Una “Quaresima quotidiana”
«La Casa della Carità nasce da un’istanza fortissimamente evangelica. Nel nostro statuto è citata una lettera pastorale, la “Farsi Prossimo” del cardinal Martini. La nostra cappella è il cuore della Casa perché, come un cuore, non si vede, ma c’è ed è un luogo che pulsa, dove ogni domenica viviamo la Pasqua del Signore», spiega Fiorenzo De Molli, ricordando come alla Casa si vivano anche i momenti essenziali della fede: la celebrazione domenicale dell’eucaristia e ovviamente le feste cristiane, dal Natale alla Pasqua.
E naturalmente la Quaresima che, richiamando i 40 giorni nel deserto di Gesù, ma anche i 40 anni dell’esodo degli ebrei, è il tempo che prepara a vivere la Pasqua: «È un tempo tipicamente di purificazione, di ascolto della parola, di conversione, di rinuncia intensa come il distacco dalle cose che contano poco per puntare all’essenziale. E questo secondo me un po’ richiama il Ramadan, che come la Quaresima è un tempo forte di fede», afferma l’operatore.

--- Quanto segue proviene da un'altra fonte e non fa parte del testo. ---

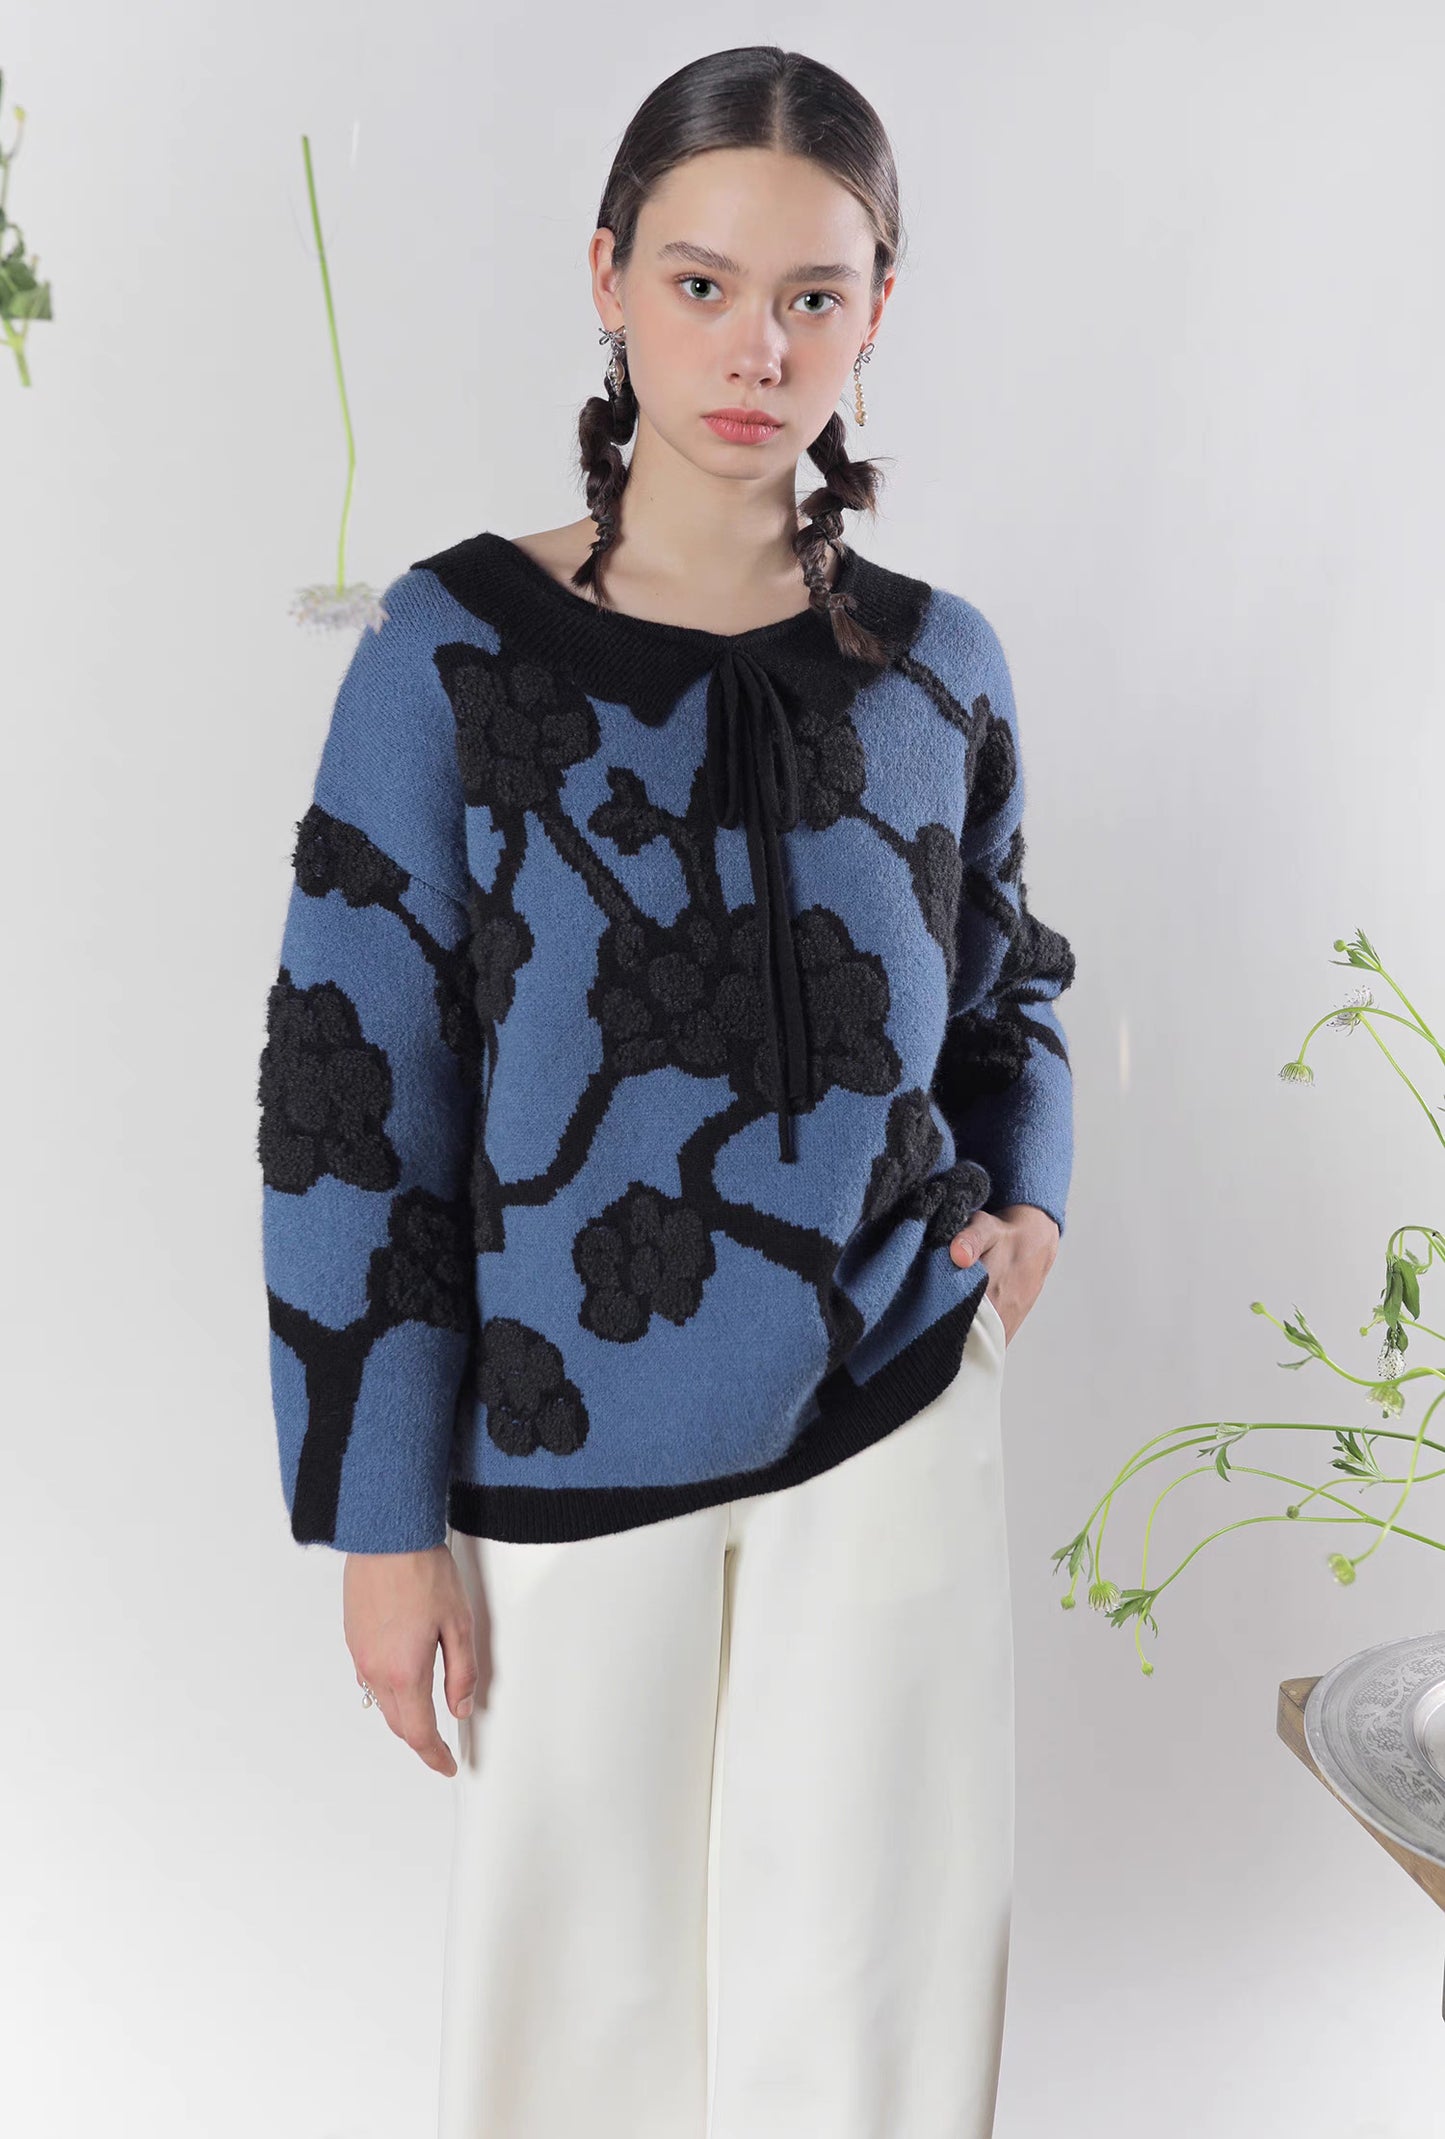 blue and black floral lace loose knitted sweater

Ma aggiunge: «A volte in via Brambilla non ci accorgiamo di essere in Quaresima, mentre ci accorgiamo che è Ramadan, perché, oltre a un’attenzione fondamentale alle esigenze di chi pratica il digiuno, c’è una modalità “pubblica” dei nostri ospiti musulmani di vivere la fede, con le persone che stendono il loro tappeto e pregano rivolti alla Mecca. Invece chi è cristiano, anche il più motivato, ha un’altra modalità di vivere la pratica religiosa: nessuno si ferma a pregare in pubblico».
Ma alla Casa, spiega il responsabile, quotidianamente si vivono la Passione, la Morte e la Resurrezione di Gesù: «Forse da fuori non si vede, ma stando dentro la Casa sì: «qui viviamo continuamente una Quaresima e una Pasqua: ogni giorno, infatti, vediamo la fatica, la rinuncia e la “morte sociale e civile” delle persone che accogliamo o accompagniamo. Sperimentiamo la loro traversata nel deserto, che è sia quella del viaggio fisico per arrivare in Italia, ma anche quella esistenziale. E tante volte, vediamo la “Resurrezione” di queste persone».

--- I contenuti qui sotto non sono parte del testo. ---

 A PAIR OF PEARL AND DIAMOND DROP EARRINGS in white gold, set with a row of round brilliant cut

La Casa, luogo della “convivialità delle differenze”
Conclude Fiorenzo: «La Casa è anche il luogo in cui, alla don Tonino Bello, viviamo la “convivialità delle differenze”. Per cui non fa problema qui essere di un’altra fede. Un esempio che mi edifica è il nostro collega Doudou, cittadino italo senegalese, di profonda fede islamica, che permette alle nonne anziane del quartiere di celebrare la Pasqua del Signore perché è lui che le porta a messa. Alla Casa c’è dialogo».
A raccontare di come alla Casa si viva questa “convivialità delle differenze”, in particolare durante il Ramadan, è Doudou Khouma, responsabile di Casa Anziani: «Quando si va nei paesi musulmani durante il Ramadan, si sente che siamo nel mese di digiuno. Ma questa sensazione è forte anche alla Casa della Carità, perché da sempre viene data la possibilità ai musulmani di vivere questo tempo in modo tranquillo. È una delle poche strutture a Milano che conosco dove, per esempio, viene cambiato l’orario della mensa per rispettare l’orario di rottura del digiuno. E poi c’è anche la preparazione per il giorno dopo, con i sacchetti di cibo da consumare prima della preghiera dell’alba. Non sono cose scontate».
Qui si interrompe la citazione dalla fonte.